It was only a little accidental that I ran my longest run of the season yesterday. But heck, it wasn’t much to brag about either way: barely thirteen klicks all in.
And barely one when it came right down to it.
My running is not doing great these days. I mean, I have always had good seasons and bad ones. I’ve been tearing up the trails for going on eighteen years now so anyone is bound to have a roller coaster of ups and downs during that time, no matter who you are. Injuries have sidelined me for as long as half a year or more. Winters have often been scaled back. And race plans always seem to set the real tone of how my summers go: any time I’ve signed up for a marathon it would be foolishness not to focus on building endurance and strength and distance with every spare waking thought.

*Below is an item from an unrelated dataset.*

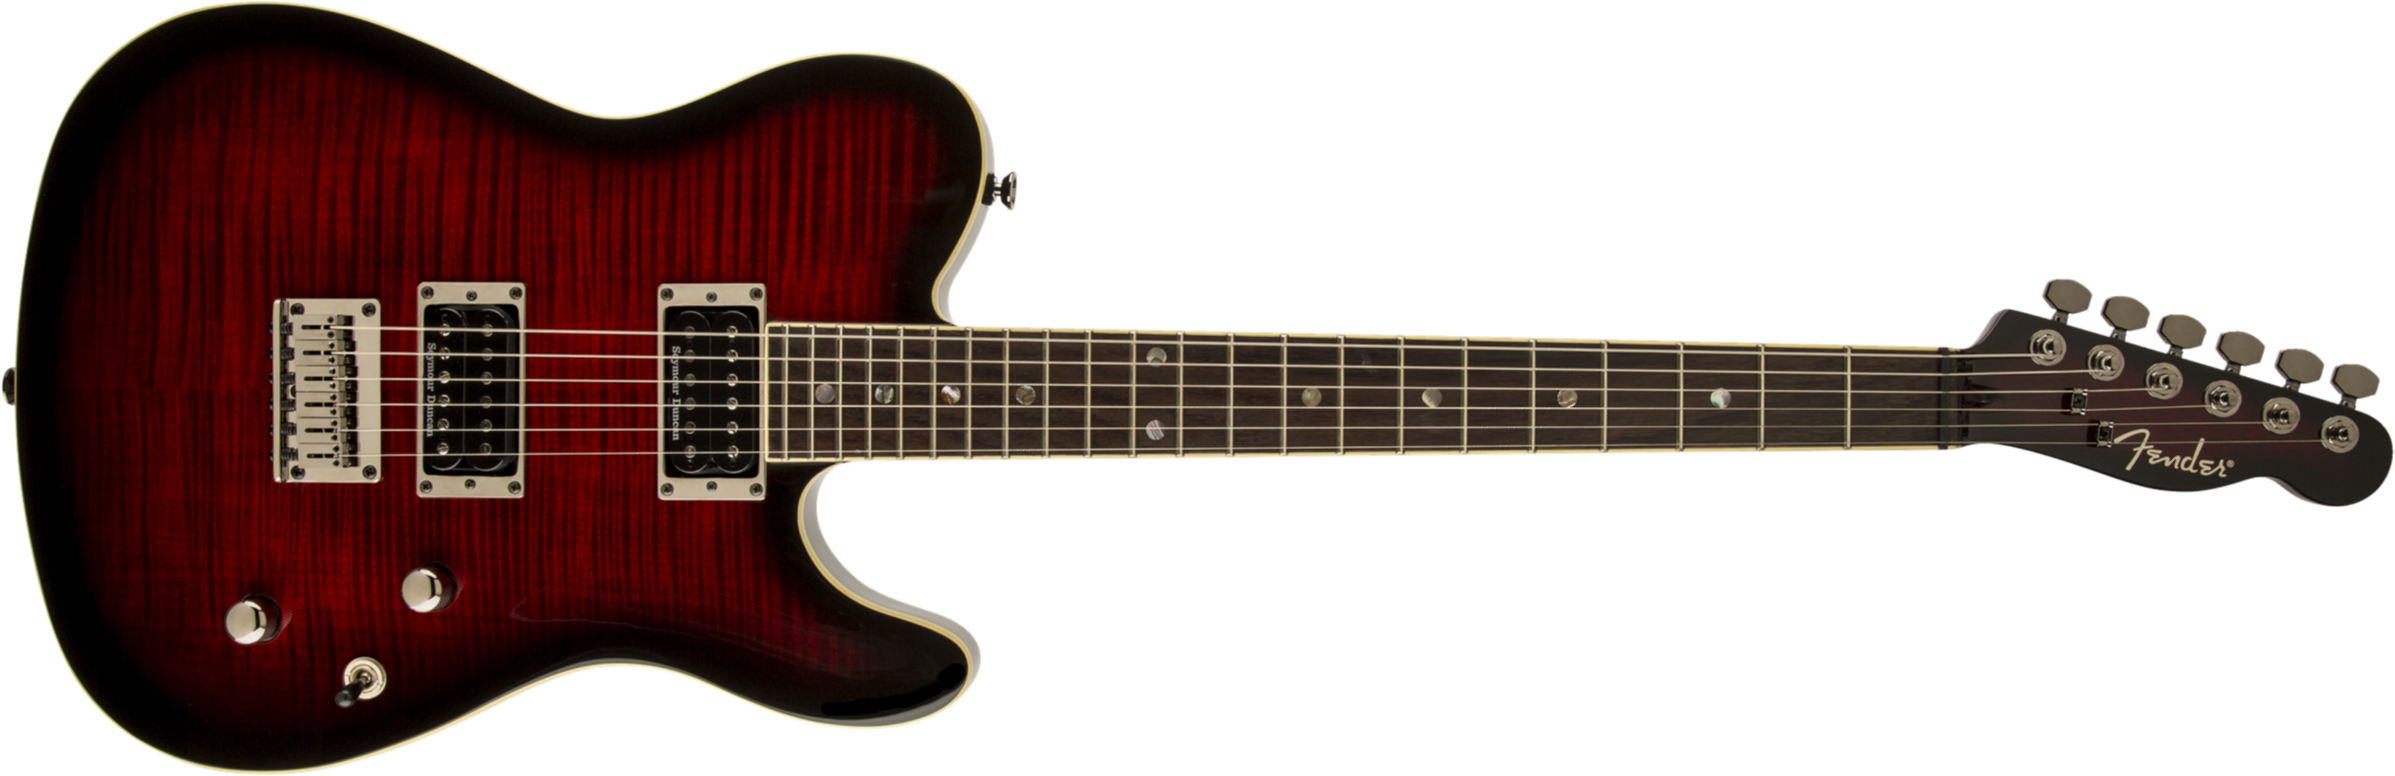 Fender Telecaster Korean Special Edition Custom Fmt (lau) - Black Cherry Burst - Televorm elektrische gitaar - Main picture

My fatigue caught up with me in the last week, tho. I walked in our regular Thursday run because I was bagged. And then I started getting leg cramps overnight on the weekend that gave me at least one sleepless night laying awake hoping that the charlie horse in my calf didn’t startle me awake again. So, waking up Sunday morning I was barely fifty-fifty on going out for my regular run. I barely, just barely made it out for one. I ended up accidentally logging thirteen.
I lack a coherent plan, I realize.
I have written quite a bit on my own distractable nature these days.
I am trying to walk a creative path, trying to rebuild a professional self, trying to navigate a transitory phase of my parenting career, trying to stay optimistic in the normalized collapse of western democracy, trying to eat better, trying to read more, write more, be more, trying, trying, trying.
I’ve let my running take a bit role in the stage play that is my life this year.
It turns out that I am recovering from an injury to my soul that I wouldn’t have thought would crack my running agenda but somehow that is one of the plainest examples of the damage.
And oddly enough, the path back to the paths isn’t clearly one straight through forcing myself to just run more, dammit. Sure, it feels good for a bit when I do it, but there is something bigger going on in my deepest self that I haven’t quite figured out, and it seems as though might need a bit of work on those aches and pains before the deeper trails clear out for me.
We ran down into the river valley yesterday morning, down the big hill towards the footbridge under the freeway bridge, along the path budding with spring green, basking in the glow of the May sunlight and still-fresh air and the cool breeze that made it almost perfect for a morning run. We ran out to meet the other half of the crew who had started on a longer training loop an hour before us, ran to meet them and run back to home with this little cadre which after all seems like the whole point of it all lately. Ran and ran and ran, further than any of us had planned when we set out. A little accidental, and not much to brag about, but the longest run of the year for me, the longest run in a year when something is seeming to be gnawing at my feet and holding me back.
No coherent plan, after all. Distractable and accidental.
Recovering, but uncertain, unsteady. Not great.